Developing highly effective non-noble-metal catalysts for electrode reactions at a low cost and with an adequate supply is of prime significance for advancing fuel cells. Yang et al. [169] were the first to demonstrate the use of a noble-metal-free MOF catalyst—namely, [(HOC2H4)2dtoaCu] (dtoa = dithiooxamide)—for ethanol electro-oxidation reactions. Although the ethanol was just partly oxidized to the acetaldehyde product under the tested conditions, the MOF’s performance in terms of oxidation potential and current density was comparable with that of expensive platinumbased catalysts.

7.3.3. Supercapacitors

It has been claimed in several works that MOFs can be used for supercapacitors applications in an aqueous electrolyte [170]. In fact, MOF-derived materials (e.g., functionalized nickel hydroxides or oxides) are the real active materials on the working electrode, rather than the pristine MOFs. To date, only a few MOFs can retain their integrity in traditional aqueous electrolytes (KOH, H2SO4), since MOF frameworks are always vulnerable in strong acidic and basic conditions. Therefore, organic electrolytes are preferable for pristine MOF-based supercapacitors.

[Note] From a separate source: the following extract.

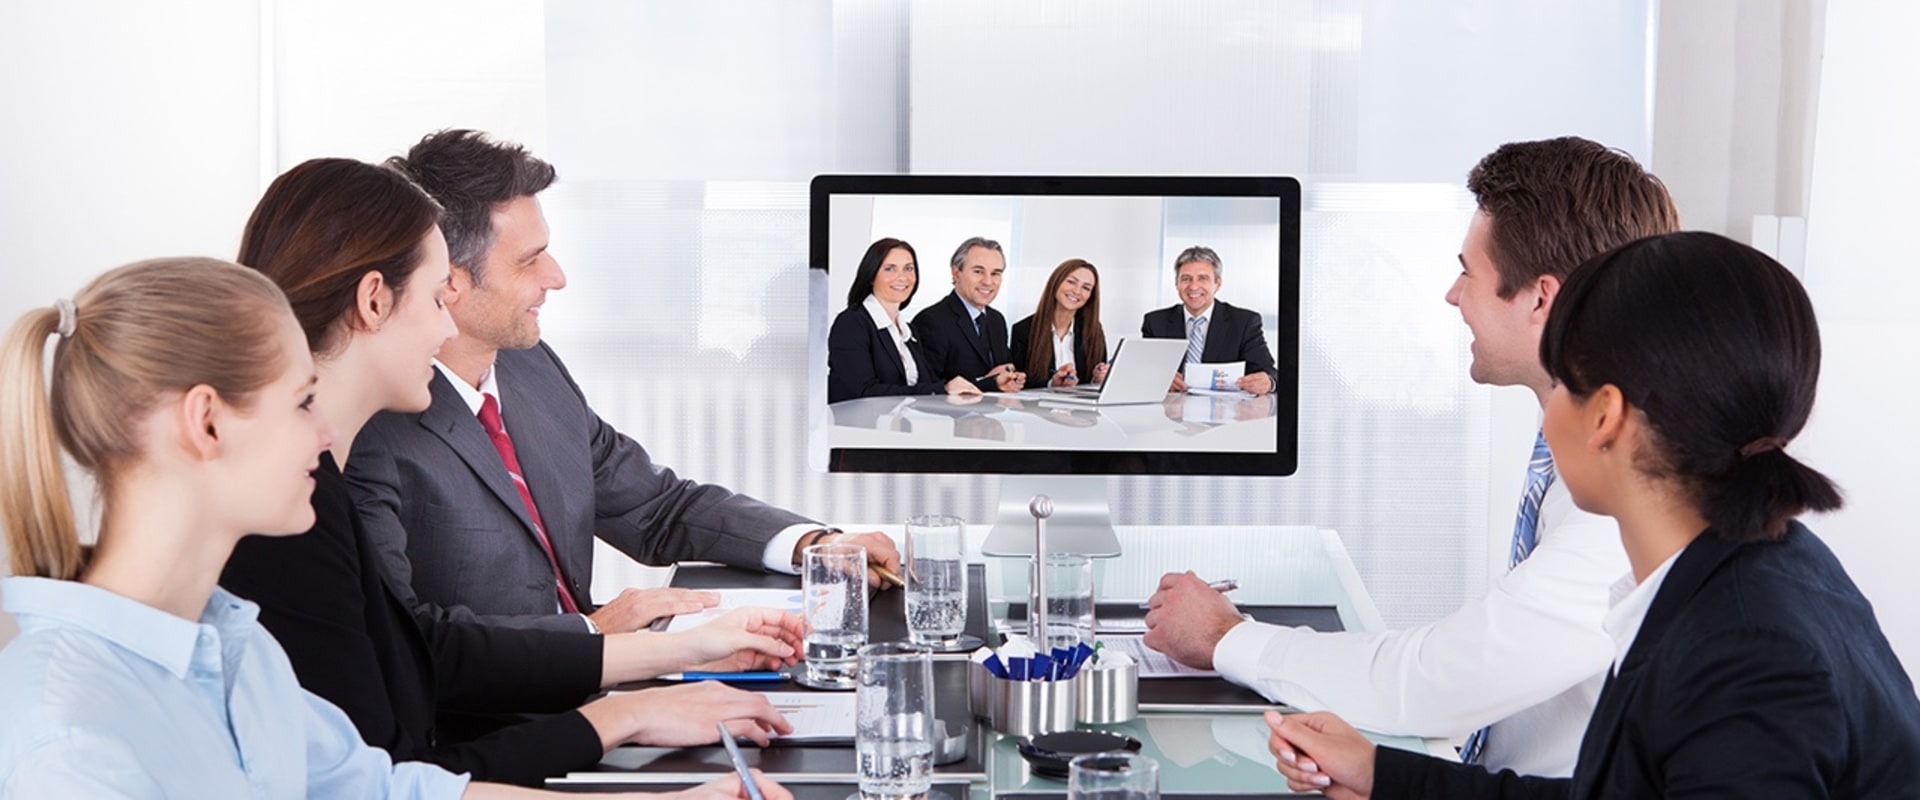 Top Rated Video Conferencing and Collaboration Tools of 2023

Sheberla et al. [171] paved the way for the inherent conduction of MOFs for supercapacitors with MOF Ni3(HITP)2 (HITP = 2,3,6,7,10,11-hexaiminotriphenylene), whose bulk electrical conductivity is greater than 5000 S∙m–1 —much higher than those of activated carbons and graphite (≈ 1000 S∙m–1 ). The conductive Ni3(HITP)2 was then employed as an active material to fabricate a two-electrode symmetric device. The calculated areal capacitance was 18 μF∙cm–2 , which was superior to any carbonaceous materials aside from graphene.

7.3.4. Rechargeable batteries

MOF materials have been applied in various rechargeable batteries, such as Li-based batteries, Zn–air batteries, and sodiumion batteries (SIBs) [172]. Among these emerging electrochemical energy storage devices, Li-based batteries, including Li-ion batteries (LIBs), Li–S batteries, and Li–O2 batteries, are superior due to their high energy densities [173]. Higher energy density is desired to power future electrical vehicles, so further progress is required in advanced anode, cathode, and electrolyte materials with satisfactory electrochemical performances [146–148].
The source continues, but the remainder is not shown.